Это и на самом деле история, юмористическая и сатирическая, история путешествия, как и некоторые другие его предисловия. Действующие лица: конечно, Жан-Поль, Паулина Эрман (появляющаяся и в предисловии к «Зибенкезу»), советник по делам искусства Фраишдёрфер. Место действия: дорога из Гофа в Байройт. Сюжет: Жан-Поль доставляет себе две великие радости сразу — он странствует пешком по родному краю и пишет предисловие; он хотел бы прибавить и третью — посмотреть в лицо красивой девушке, что перегоняет его в почтовой карете. Но все три радости портит ему советник по делам искусства (в «Титане» он будет складывать свое лицо в простые, благородные большие складки, подобные драпировкам на одеждах древних). Вместо того чтобы наслаждаться природой, людьми и работой, Жан-Полю приходится выслушивать эстетическую жвачку человека, воплощающего отношение классицизма к искусству, чрезмерный эстетизм которого сделал его враждебным современности, действительности, а также человеку.
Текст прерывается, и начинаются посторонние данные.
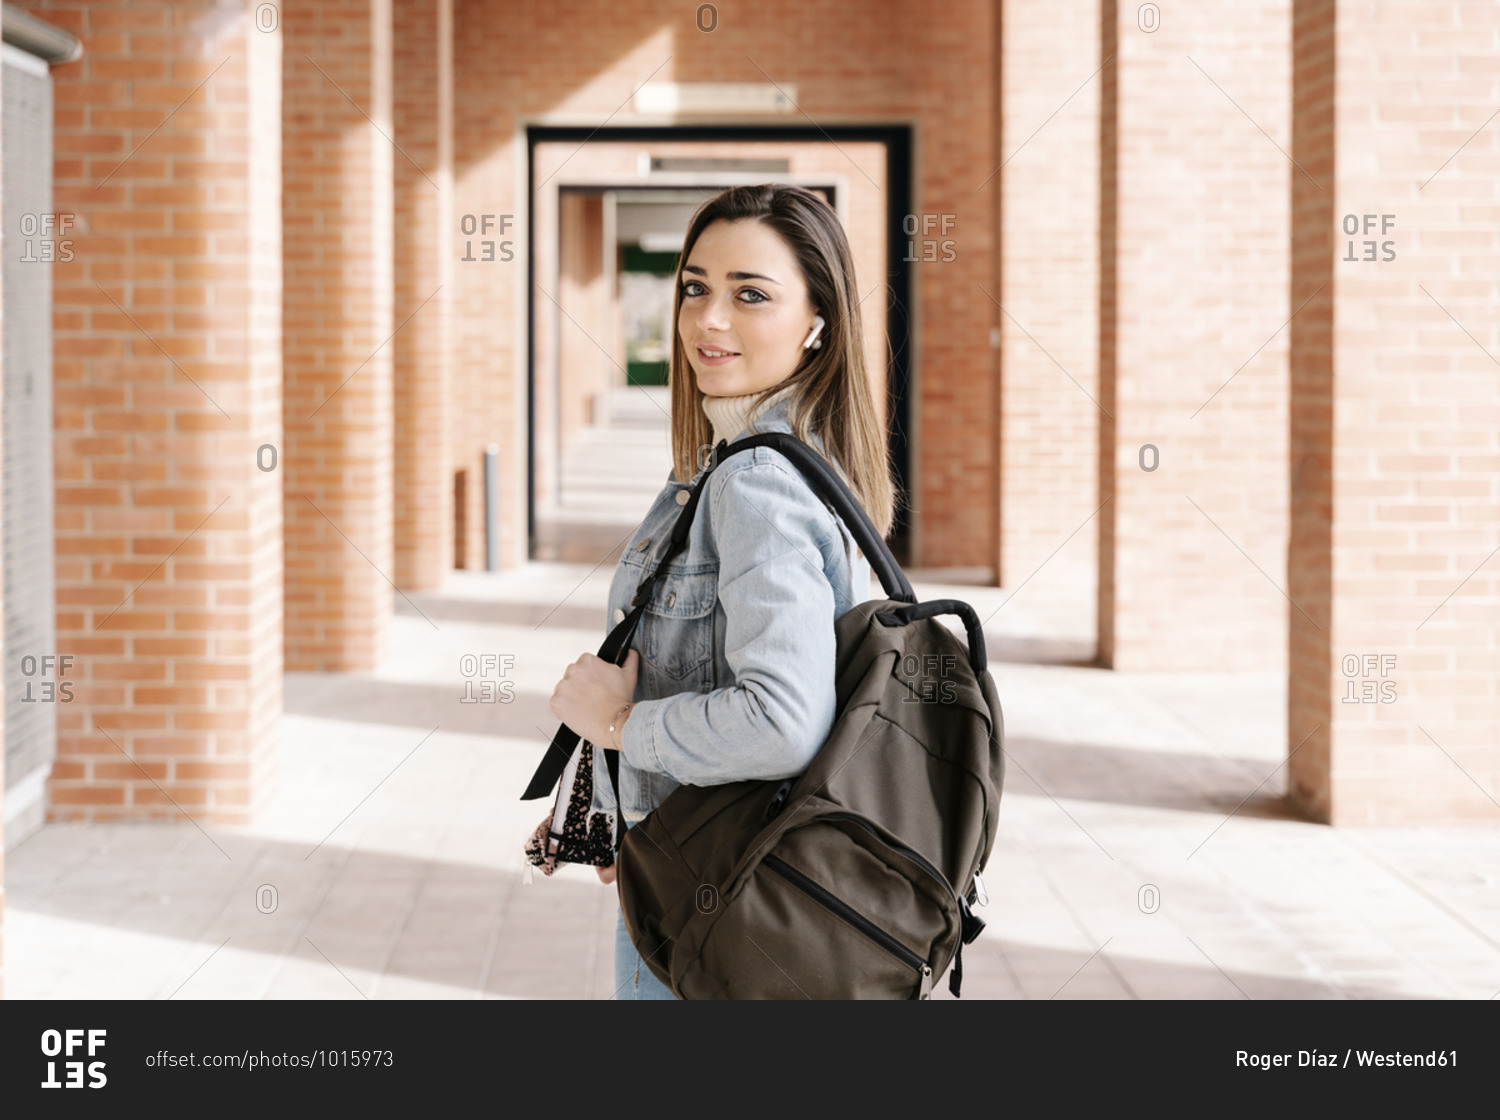 Smiling university student with bag and book standing in campus

Кому важна лишь красивая форма, тот превращает эстетику в варварство; тот считает неслыханным, чтобы архитектурные произведения искусства, то есть дома, осквернялись обитателями; тот радуется, когда сгорает город, потому что это позволяет надеяться, что построят новый, более красивый; для того крестьянин не более чем повод для буколической картины, а война — материал для баталиста; тому «во всей вселенной важно только то, что может ему сгодиться»; тот станет во имя изучения искусства пытать людей, если ему надо нарисовать Прометея. Правда, советник по делам искусства полагает, что легче всего прекрасную, то есть благородную греческую, форму достичь «отказом от материи», то есть отказом от содержания.